People who program and maintain computers realize their limitations, and thus tend to allow for their weaknesses. Everybody else just expects their computers and software to work. The amount of thinking a user must do to interact with a computer is often inversely proportional to the amount of thinking the design team did. Simple interfaces belie complex design decisions.
The challenge, therefore, is to design a system that has anticipated the most common desires of its users, and can also adroitly handle unexpected challenges.
The Festival text-to-speech server can transform text into spoken words. While this is a whole lot of fun to play with, there are many challenges to overcome (for more on integrating Festival with Asterisk, refer back to the section called “Text-to-Speech Utilities”).
For Asterisk, an obvious value of text-to-speech might be the ability to have your telephone system read your emails back to you. If you’ve noticed the somewhat poor grammar, punctuation, and spelling typically found in email messages these days, you can perhaps appreciate the challenges this poses.
One cannot help but wonder if the emergence of text-to-speech will inspire a new generation of people dedicated to proper writing.
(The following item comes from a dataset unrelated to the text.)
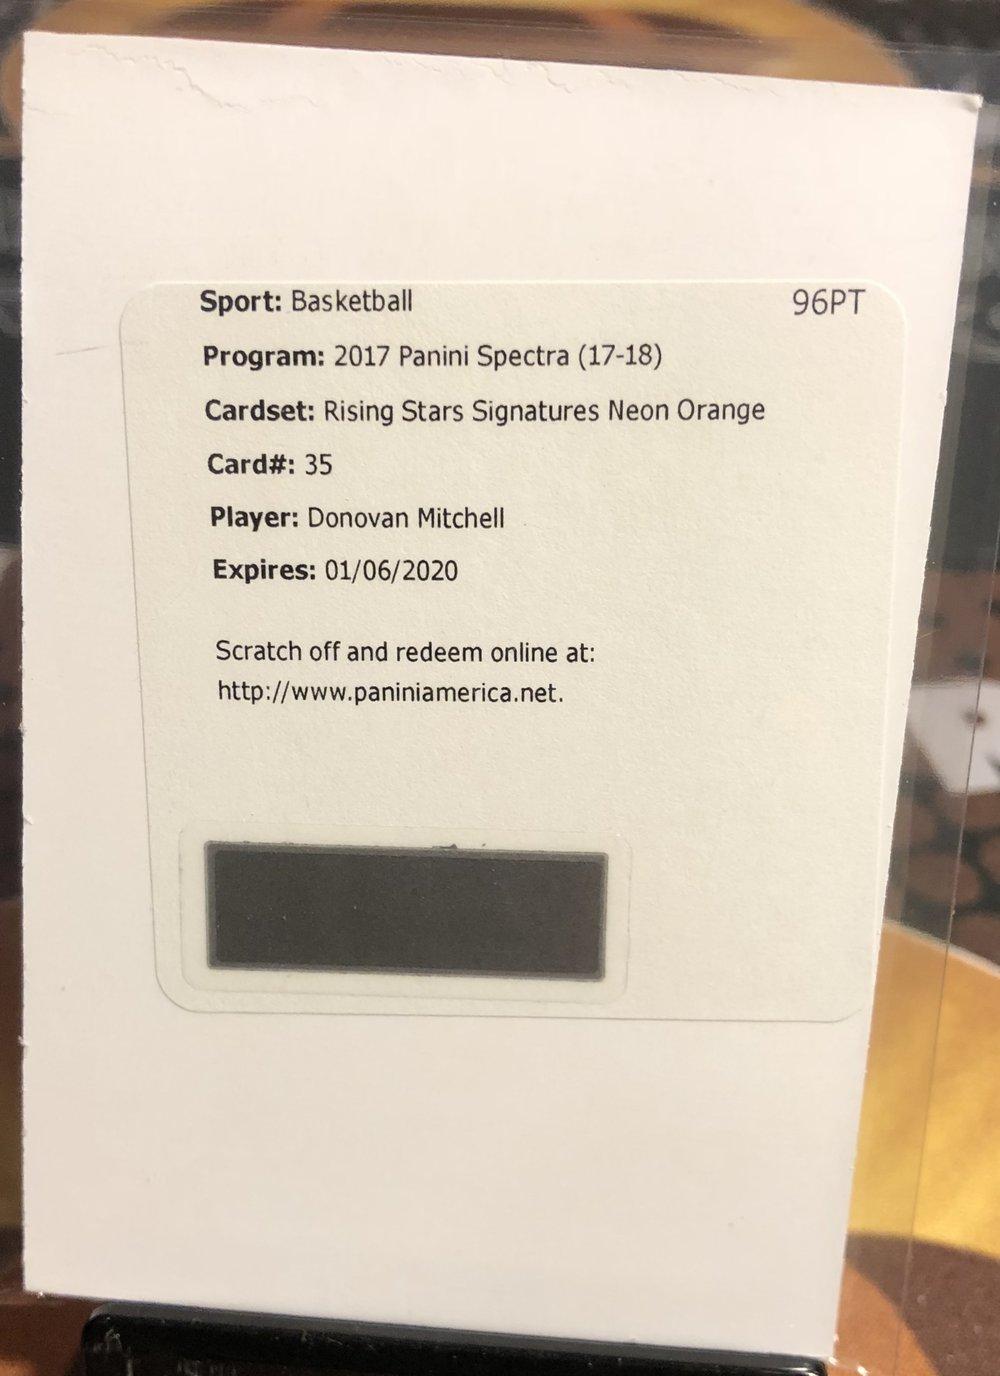 2017-18 Panini Spectra Donovan Mitchell Rising Stars Signatures Orange /5

Seeing spelling and punctuation errors on the screen is frustrating enough—having to hear a computer speak such things will require a level of Zazen that few possess.
If text-to-speech is rocket science, speech recognition is science fiction.
Speech recognition can actually work very well, but unfortunately this is generally true only if you provide it with the right conditions—and the right conditions are not those found on a telephone network. Even a perfect PSTN connection is considered to be at the lowest acceptable limit for accurate speech recognition. Add in compressed and lossy VoIP connections, or a cell phone, and you will discover far more limitations than uses.
Asterisk now has an entire speech API, so that outside companies (or even open source projects) can tie their speech recognition engines into Asterisk. One company that has done this is LumenVox. By using LumenVox’s speech recognition engine along with Asterisk, you can make voice-driven menus and IVR systems in record time! For more information, see http://www.lumenvox.com.
As we gain access to more and more bandwidth, it becomes less and less easy to understand why we still use low-fidelity codecs. Many people do not realize that Skype provides higher fidelity than a telephone; it’s a large part of the reason why Skype has a reputation for sounding so good.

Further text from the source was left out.